According to another preferred embodiment, in an axial exhaust duct, made in the front part of said striking piston, wherein apart from said side exhaust duct passing through said wall of said striking piston, also said side release duct is mouthed, which passes through said striking piston wall and which follows in said filling groove made on the surface of said striking piston and which is connected with said cylinder bottom working compartment, an exhaust inertial slide valve of pipe-like shape is placed so that it can slide and in said axial filling duct of said striking piston said filling inertial slide valve of pipe-like shape is placed so that it can slide.

It is also advantageous, when on the rear extended part of said striking piston is between said filling recess and said adjacent rear working face of said striking piston a cylindrical part is made which in said rear cylinder working compartment defines length of the compression compartment that is delimited by said input body front face, said adjacent internal diameter of said working cylinder, said striking piston rear working face and by external surface of said cylindrical part of said striking piston rear extended part.

Another advantageous embodiment of the present invention is when said rear extended part of said striking piston is formed as a separate part mounted in the rear part of said striking piston and this separate part is made of a plastic.

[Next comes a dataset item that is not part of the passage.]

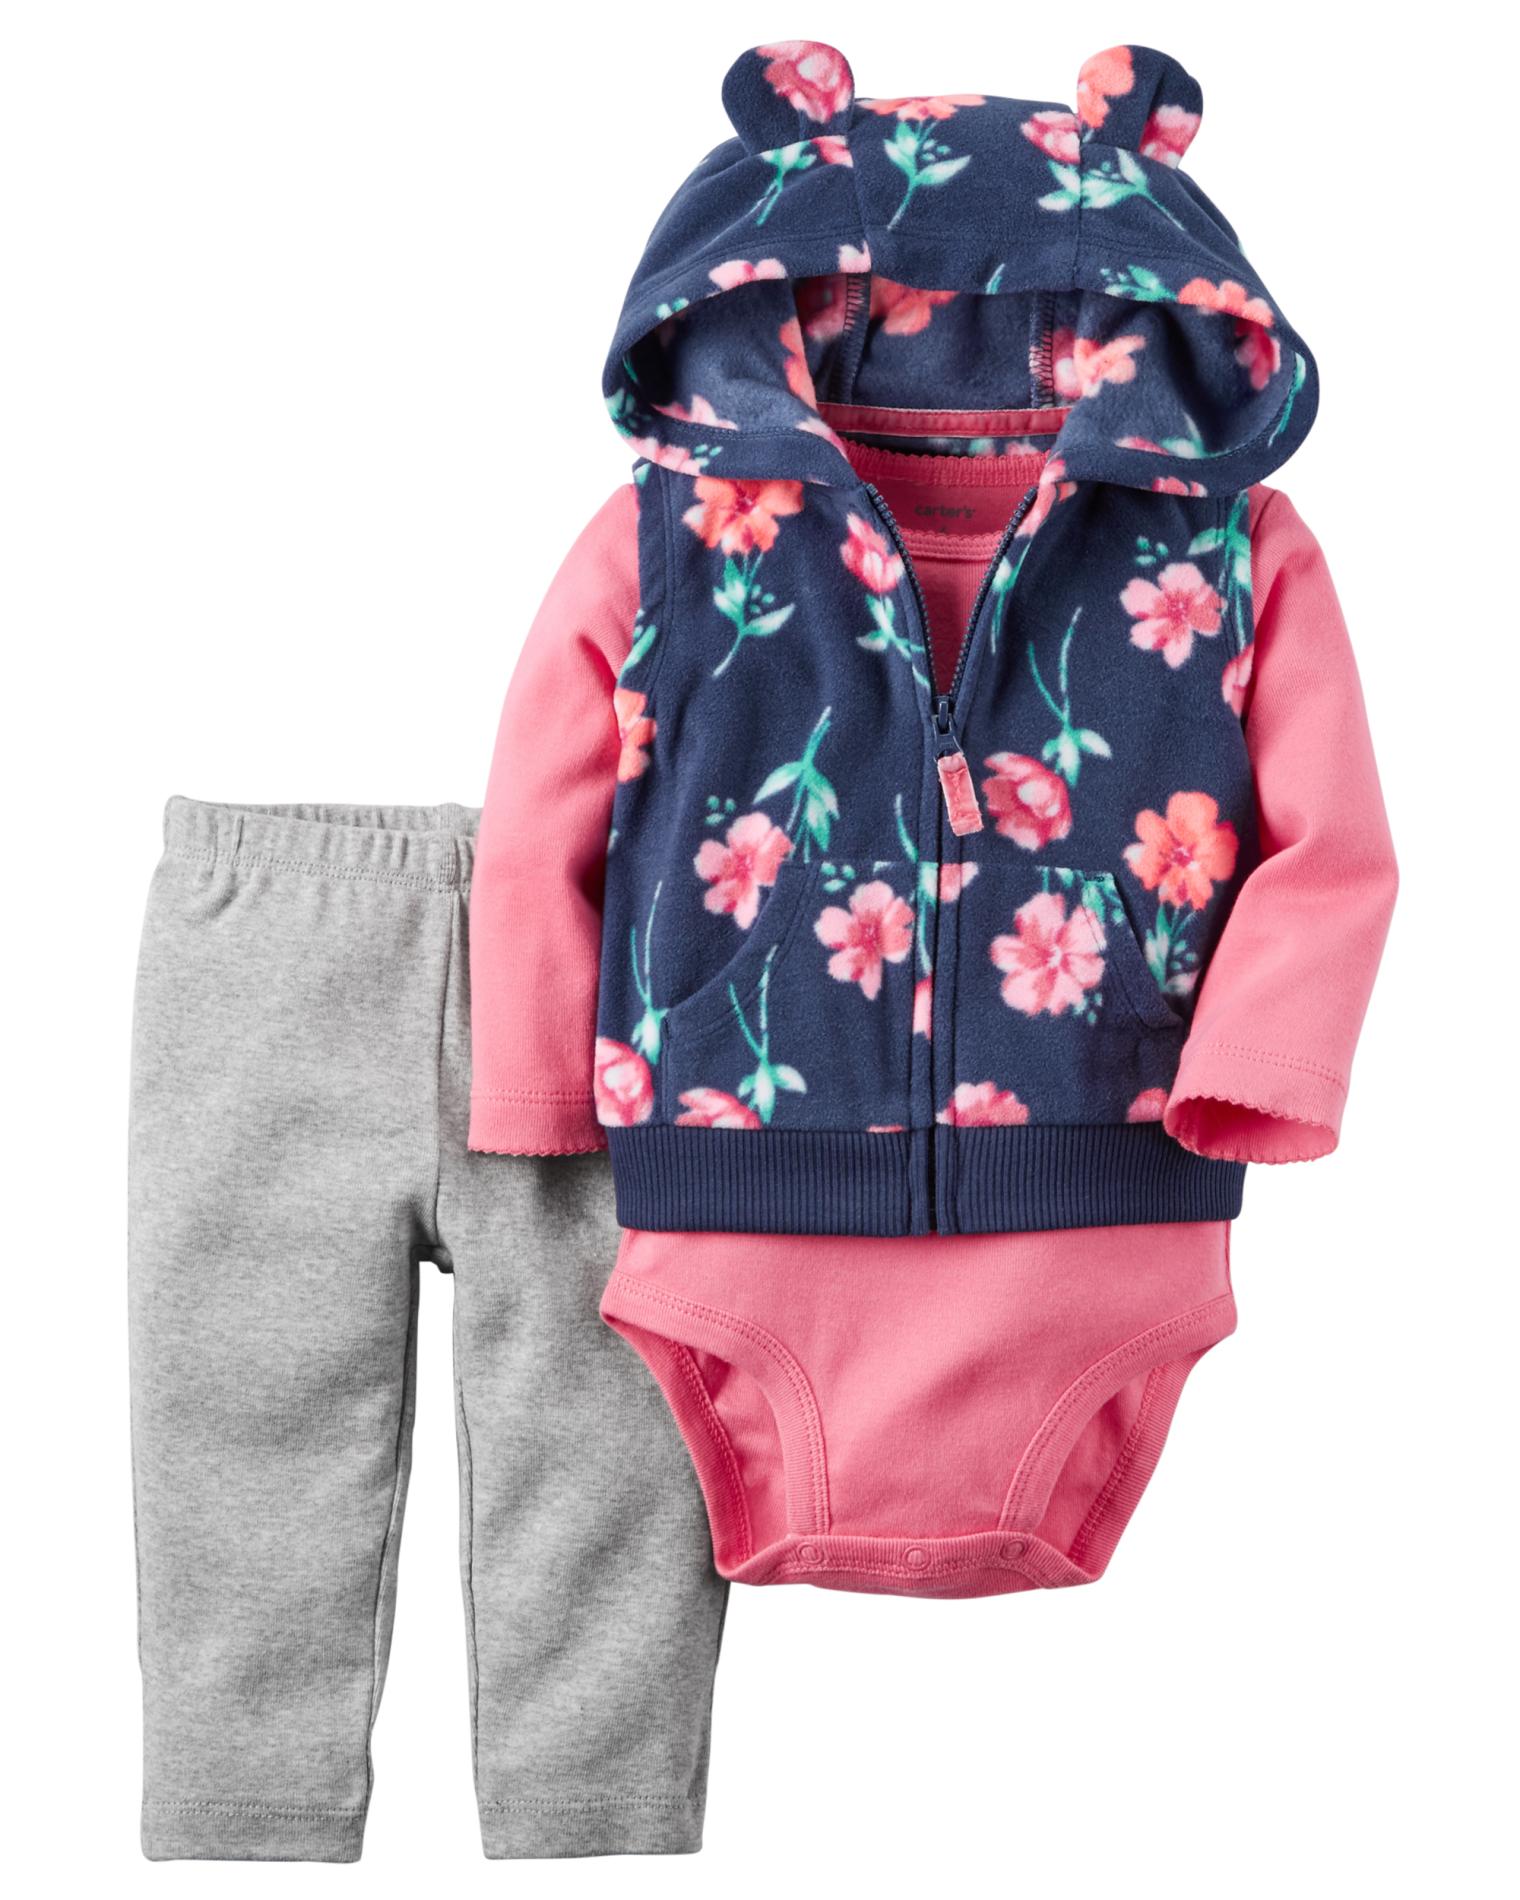 Carter's Newborn & Infant Girls' Hooded Vest, Bodysuit & Leggings - Floral

By making a pneumatic striking tool according to this invention it is possible to fill the front and the rear cylinder working compartment during the selected sections of the striking and the reversing stroke at full input air pressure directly from the input body cavity, and each of both working cylinder compartments independently of each other, using short and substantially straight and sufficiently dimensioned sections without losses that would otherwise be caused by cross-sectional and directional changes in the compressed air flow route. Also independently of each other, it is possible, from the point of view of tool effectivity, to use in both cylinder working compartments the desired compressed air expansion in an interval between the closing of filling and the opening of exhaust. The full piston working stroke from the rear dead centre up to the blow moment is utilised during the striking stroke to accelerate the piston as a consequence of the exhaust and filling inertial valve and release duct activities, and this without the counter-pressure effect in the cylinder front working compartment, which would otherwise be formed by opening the filling of the front working compartment and by compression caused in it. The so, according to the invention, controlled cycle of filling and exhausting the cylinder working compartments, combined with reverse stroke energy accumulation in the compression compartment of the rear dead centre increases blow rate of the striking piston combined with a growth in its impact velocity and consequently also of its impact energy, what indicates a growth in installed output of the striking tool and in its effectiveness. Creation of a rear extended part of said striking piston by using a separate part mounted in the rear part of said striking piston and the possibility to make this separate part from plastic is practical considering the impact fatigue stress of said piston and inertial forces acting on the rear extended part of said striking piston. This embodiment simplifies production of said tool and increases its operational safety. For design and production simplicity it is preferable if the closing pin controlling, in co-operation with the mouth of said axial filling duct, opening and closing of filling the cylinder front working compartment is formed by the front extended part of the water valve body.

Industrial Use

Design according to the present invention can find use in case of all input air pressures that come into consideration. The design is compact, non-demanding in production and consequently also in price. The design is simple and consequently insensitive to operational conditions, staff and maintenance.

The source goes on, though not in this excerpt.